This is their 27hp model.  It is obviously a 'budget' model.  The fit and finish are OK, but the dash and operators platform are very basic, the plastic looks pretty cheap (think YUGO dashboard).  The controls are actually difficult to reach (more on this later in the thread).  The floor panel is not rubber coated so the rocks on your shoes will scratch and rust the floor panels.  Overall, this is nothing more than a basic machine.  It is also very large for a 27hp tractor.  I suppose that is good if you are skidding logs?

In the first post, this tractor is the photo on the FAR RIGHT side of the pictures.


----------



## Melensdad

This is their HST model machine.  It actually was not too bad.  It comes with a rear work light and dual rear hydraulic remotes.  Ergonomics on this machine are marginal to pretty darn bad.

The rear remote controls were positioned UNDER my right leg so I had to move my leg to effect the rear remotes   The 3pt controls were on the right side of the seat, they had such long throw levers that you literally had to bend down to get them into the fully down position 

This is considered one of their deluxe machines?  For a large tractor you would expect a FLAT floor in the operators compartment.  Again, no rubber floor mats.   The fuel tank is behind the driver's seat, the SMV triangle has to be REMOVED to refuel the tractor

In the first photos, this tractor is the second from the far right.


----------



## Melensdad

OK now here I hit one of my major pet peeves!  When a loader is installed, these tractors become ONE SIDE entry/exit machines.  You can see my hand in one of the photos, my hand measures roughly 8" across, which illustrates that there is no room to exit from the right of the tractor.

Further the hoses are a mess and dangle everywhere.  Granted hoses are cheaper to run for hydraulics than rigid pipe, but pipe is much better, never fails, is cleaner to run, are rarely presents a snag point.   And look how loosly the hoses run and how they are not held tight to the loader.  Not only do I think this is sloppy, it is just waiting to be snagged by a branch when working in the woods.

The loader control valve is also set in an awkward place.  Most loader controls that I have used, whether fender mounted or loader mounted, have the end of the loader control stalk/lever roughly in line and to the right side of the center hub of the steering wheel.  This one was well behind the center of the steering wheel, in fact it was in line with an imaginary line that would run from the bottom plane of the steering wheel.  It seemed too far back to me.  Granted I was not able to use this, but just sitting in the seat, it seemed to be in the wrong place.  Again, that is just my opinionated view.  You can see how far behind the center of the steering column the loader is located in the first picture.  In that picture also look at the placement of the throttle control.  With the throttle pulled back, I'd bet it could come into contact with someone who had the drivers seat pulled forward!

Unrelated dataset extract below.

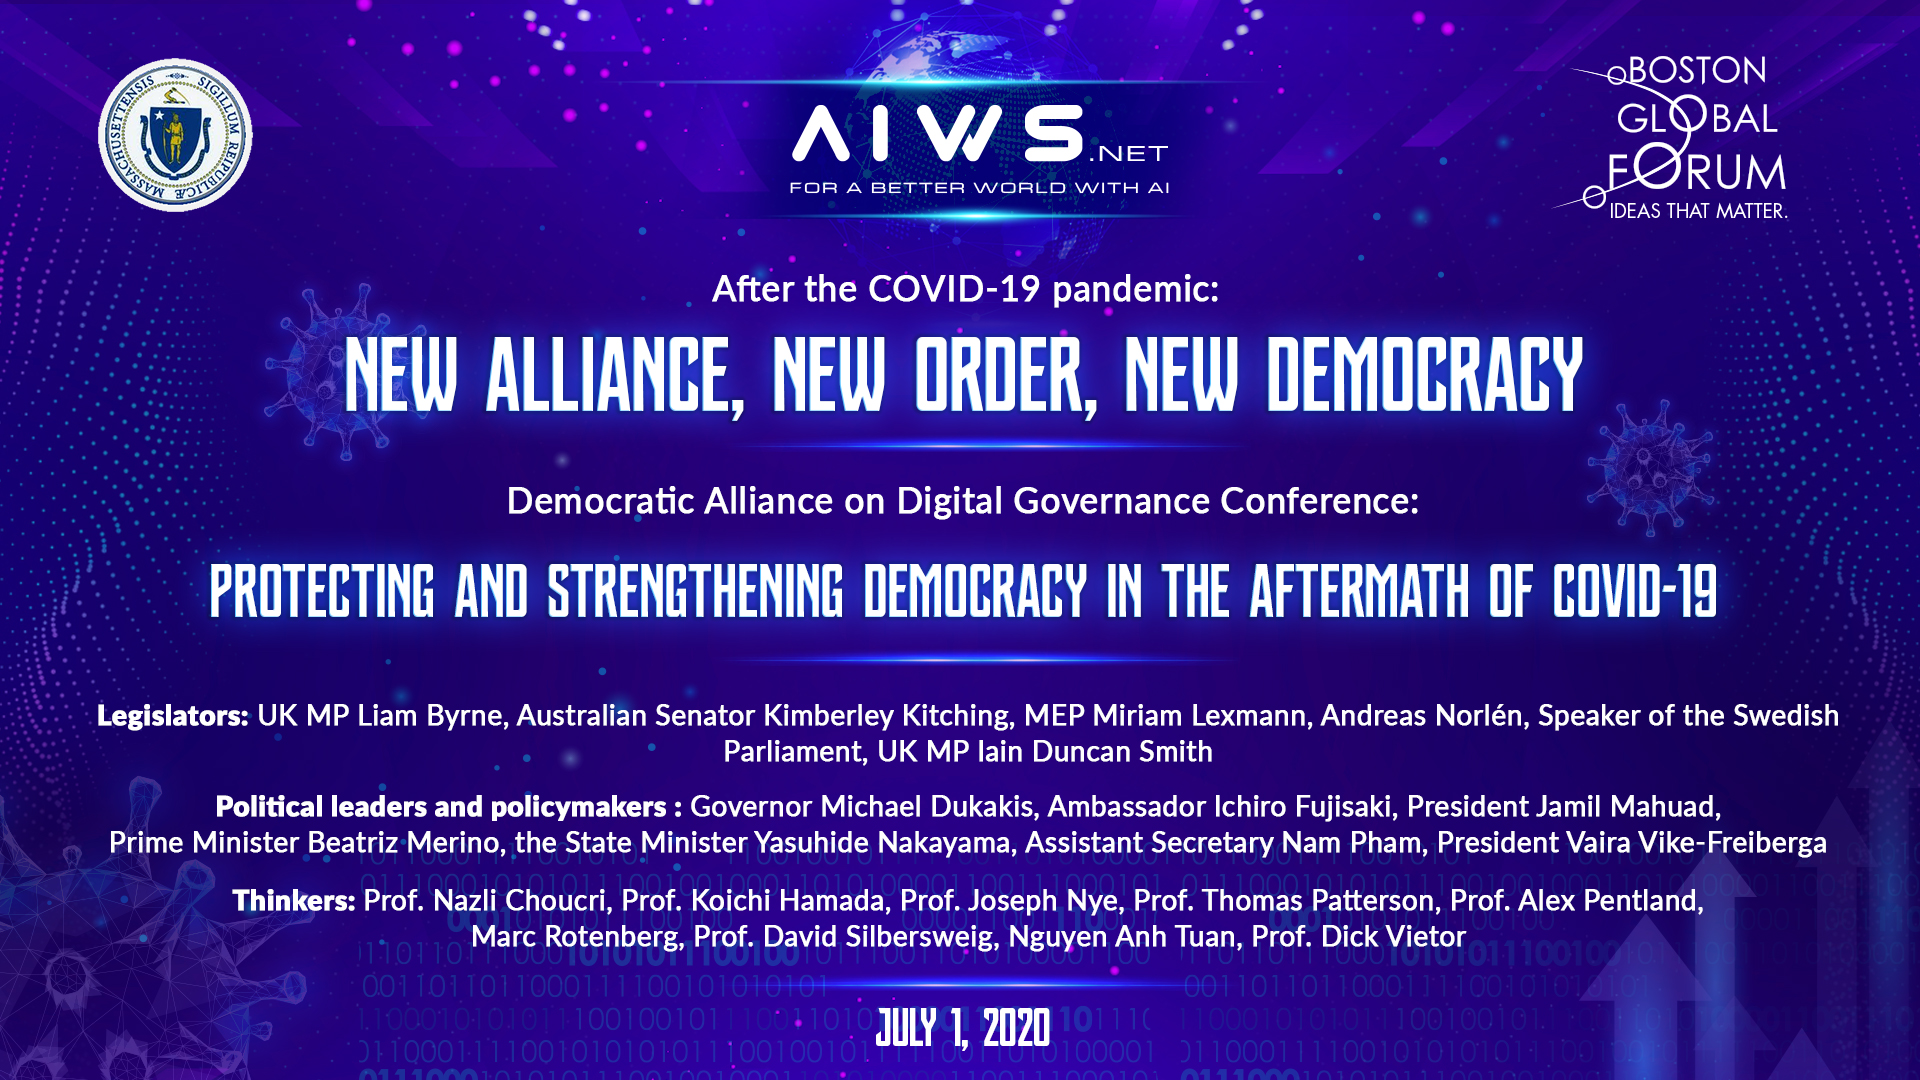 Democratic Alliance on Digital Governance Conference – Protecting and Strengthening Democracy in the Aftermath of COVID-19

Don't even get me started on how high up they mount the loader and how the curved arms, while theoretically providing more visibility, do not offer any real advantage here because they start out so high that the vertical uprights block your view.   They tried to copy the Case/New Holland loader design, they just didn't make a good copy of it.


----------



## Melensdad

The buckets on these VERY HEAVY tractors are too lightly built.  The top lip of the bucket was simply folded down and had no reinforcement at all.  My little 24hp New Holland bucket is built like a tank compared to this bucket.  In fact my Kubota B2910 bucket is very similar in design to these buckets . . . but that is an ultra-light tractor, and these are built and promoted as heavy duty machines while the B2910 is built and sold as an ultralight.

I would not trust these buckets with welded on bucket hooks.  I believe the top lip would simply bend/crumple under load.

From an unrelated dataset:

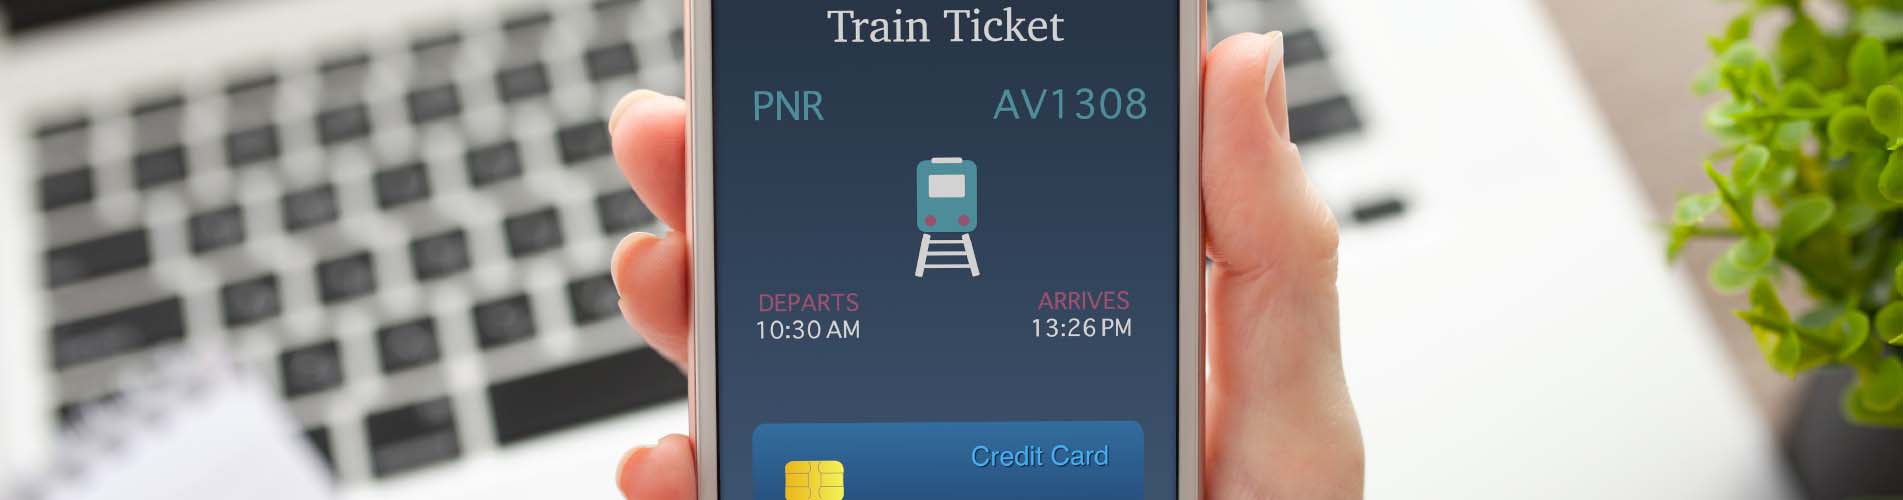 Purchase of a train ticket via an online app

Their QA system for attachment was standard, well designed, but crudely fabricated.  It will work and provide good service.


----------



## Melensdad

For someone who wants a cheap tractor, these fit the bill.  They are not even close to the quality standards of the Deers, Kubotas, Case Farmalls, New Hollands or even the Massy Ferguson machines IMHO.  NOT EVEN CLOSE to the ergonomics of any of the 1st tier brands, in fact the ergonomics of these machines reminds me a lot of the old Olivers and other antiques I've played with. IMO they are about 10 years behind the major brands in terms of design.

But they are cheap.


----------



## buckle97

The hood on the tractor on the far right looks extremely similar to the hood on my Crapsman lawn tractor .  I agree that the FEL joystick placement is horrible.  I was expecting it to be bad when I read your description, but when I actually saw the picture I couldn't believe my eyes.  The joystick mount and hoses look just thrown on there, they don't look like they belong there.


----------



## Spiffy1

*Re: MONTANA Tractors: Mini Review -CRAP*

For a camera phone thats pretty nice photography!

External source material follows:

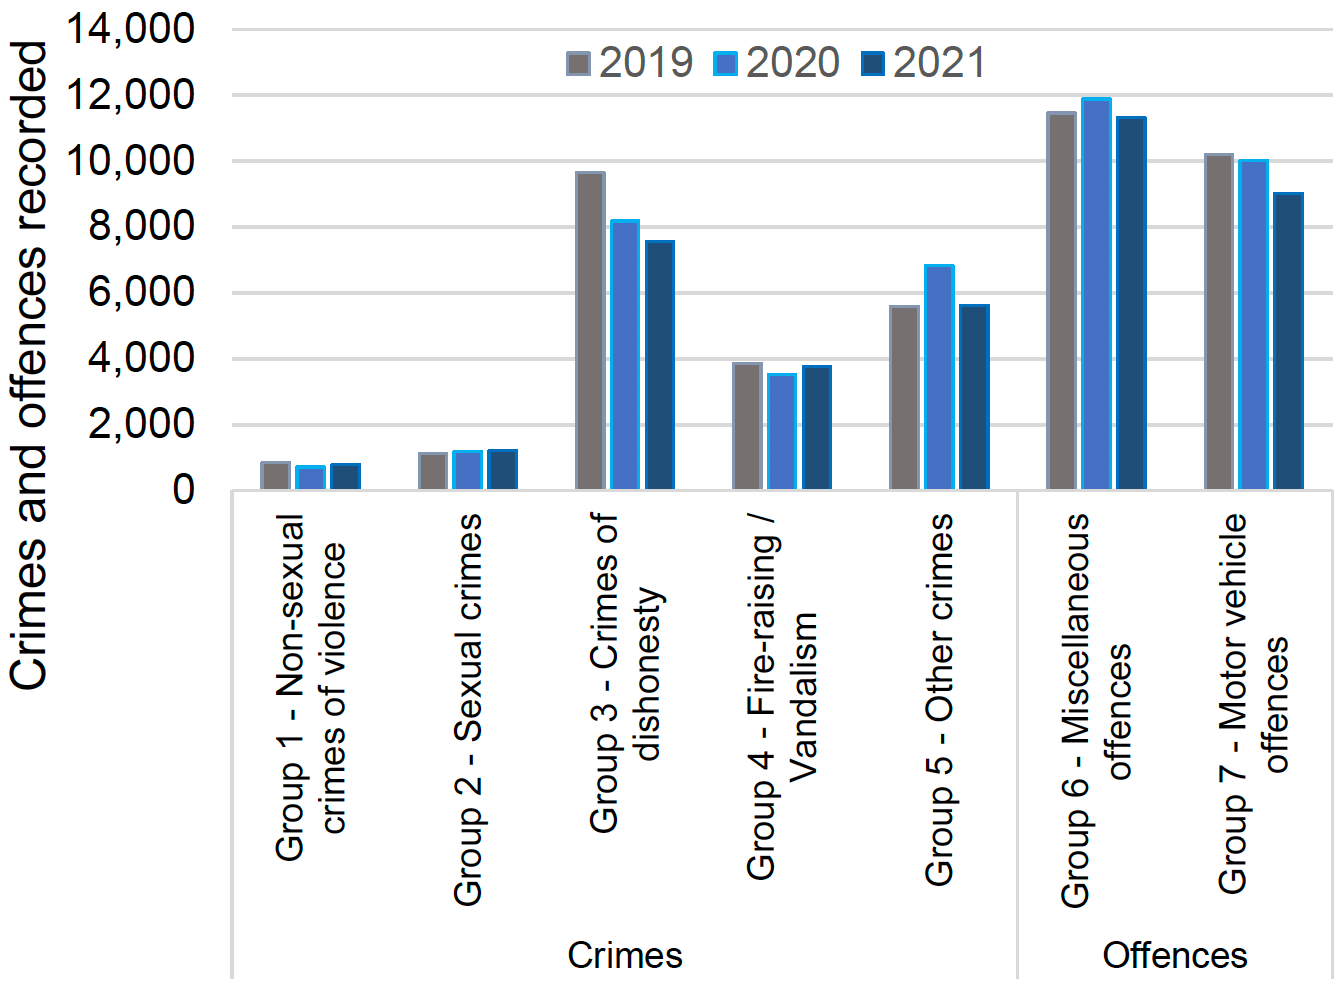 Chart summarises counts of crimes and offences by group for June 2019, 2020, and 2021. The same information is presented across Tables 1 and 2

I'd never really looked close at one before, but after seeing your pictures I do find humor in the operator area.  Actually, even before reading anything you wrote, my first impression was, all those styles and they're all "ugly."  Now seeing how I have a gangly red creature, perhaps it's the pot calling the kettle black, but I have them undesirably stuck in my head now about like some of those photos that sneak into the MLR.

Pretty good review - even if a little biased!


----------



## bczoom

*Re: MONTANA Tractors: Mini Review -CRAP*



			
				Spiffy1 said:
			
		

> Pretty good review - even if a little biased!


 I wouldn't say that comparing them to the other mfgrs out there is biased.


----------



## Melensdad

*Re: MONTANA Tractors: Mini Review -CRAP*

Hell I'd admit the bias.  I went in with both eyes open.  I saw.  I did not like. Now if I was not a modestly experienced tractor operator, then all the things I pointed out probalby would not be issues.  But once you are used to operating a well designed piece of equipment you hold everything else to the same standard.  These tractors are not up to those standards!!!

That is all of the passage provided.